I heard my aunt Mary say once that my grandfather was a selfish person, hurting people like that, and I thought she was right. I’ve thought that about my dad, too. Lots of times.

But I don’t know about that anymore. Everything about this, about mental illness, is so complicated. I just don’t know.

•       •       •

The rest of the week, I am a zombie. I do what I need to do to get through the day. Talk if I have to. Get my homework done, not really caring if I do it right, seeing crash after crash after crash like I’m stuck in one minute that keeps repeating. On slow nights I send Rowan upstairs and work alone, keeping my mind occupied as best I can. Because I don’t want to think about anything. I try to ignore the vision like I’d ignore a bug splat on the windshield. And I fail. It buzzes between my ears and crawls under my skin and coats the insides of my eyelids.

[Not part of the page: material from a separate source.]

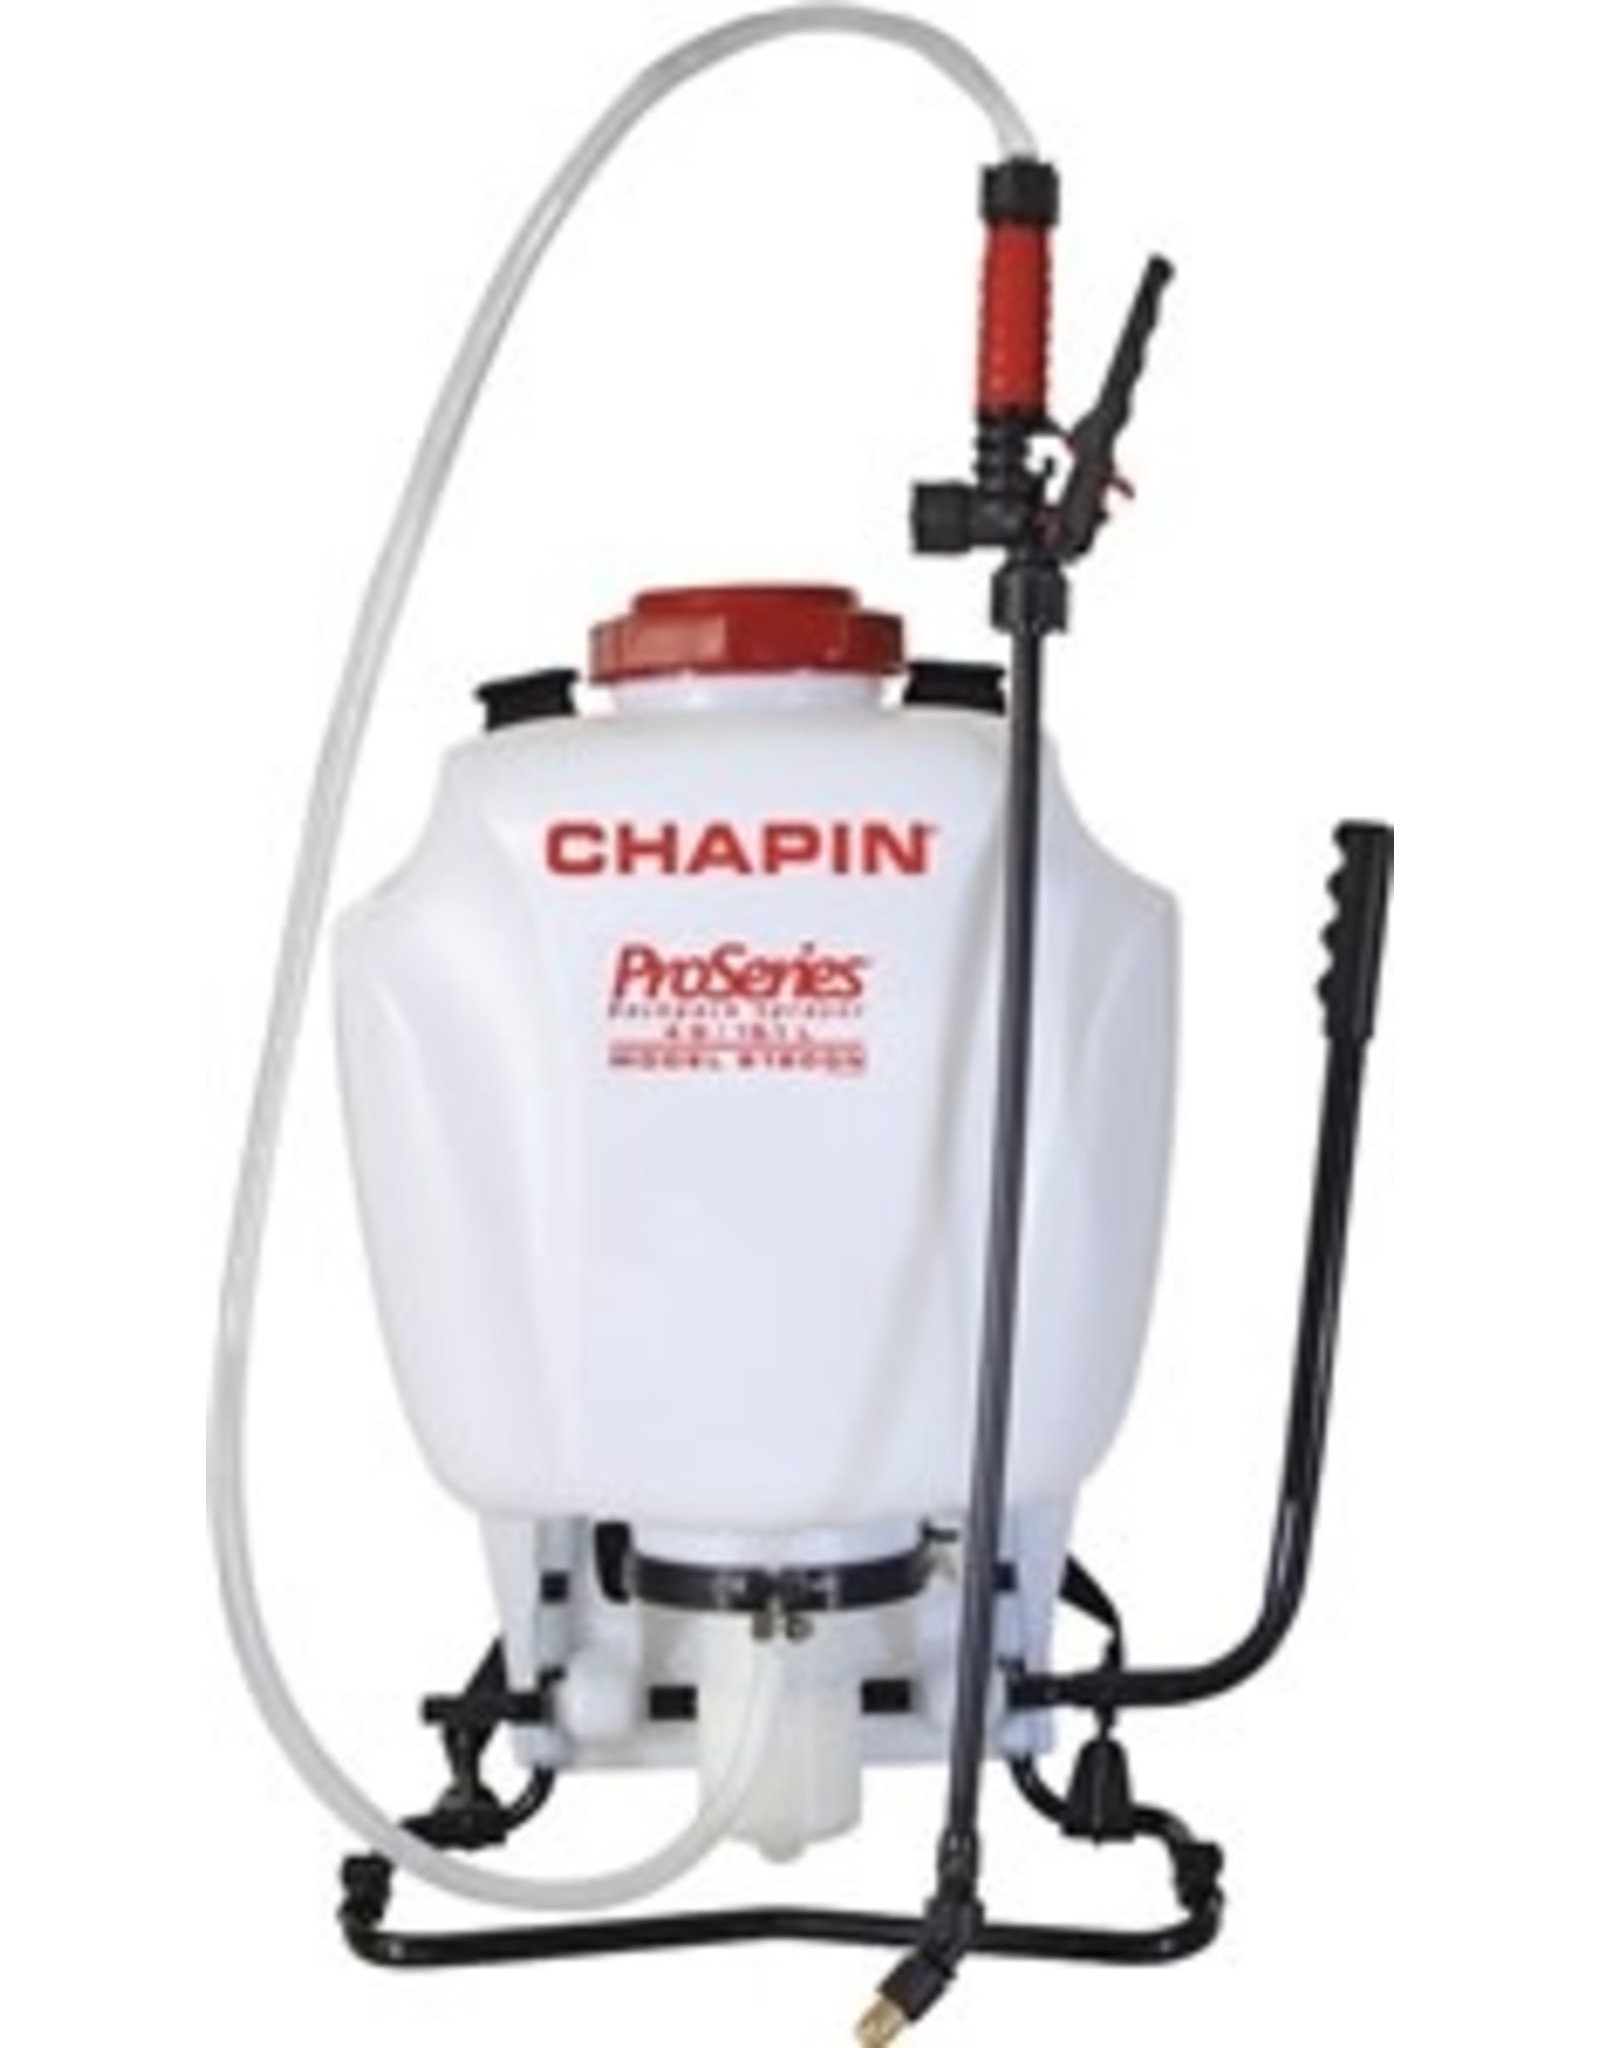 Chapin Mfg CHAPIN Pro Series 61800 Backpack Sprayer, 4 gal Tank, Poly Tank, 25 ft Horizontal, 23 ft Vertical Spray Range*

The days blur together and soon it’s another weekend. I ignore Trey’s quizzical glances and Rowan’s concerned looks and questions. I know I need to do something.

Maybe my grandfather knew that too. But he couldn’t.

My father can’t.

And I can’t.

•       •       •

One morning I wake up to Rowan’s alarm and stare at the wall. And it all becomes real. Nine real, human people, people with families and friends and jobs to do, will all die. And I am helpless, and I will never be the same again,
and it doesn’t matter that I actually told Sawyer what to expect, because if he doesn’t believe me I’ll still feel like it’s my fault. The weight of this responsibility is so heavy, so crushing, I can’t move.

“I’m sick,” I tell Rowan when she stumbles out of bed. “Tell Trey he needs to get you to school today.”

“What’s wrong?”

I just close my eyes and moan. “Everything.”

“You need me to get Mom?”

“No, don’t wake her up. I’m okay, just sick.”

I hear Rowan hesitating at the door. “I’ll leave her a note to call in to school for you.”

“Thanks,” I say.

She closes the door.

Trey comes in a few minutes later. “Hey,” he whispers.

I pretend to be asleep. There’s a rattle of keys sliding off my dresser, and then he’s gone.

Later, when my mom peeks her head in, I ignore her, too. Soon I hear Dad lumbering down the hallway, which means he actually got out of bed today.

I’ve taken his sickness from him. What a thing to pass down to the next generation.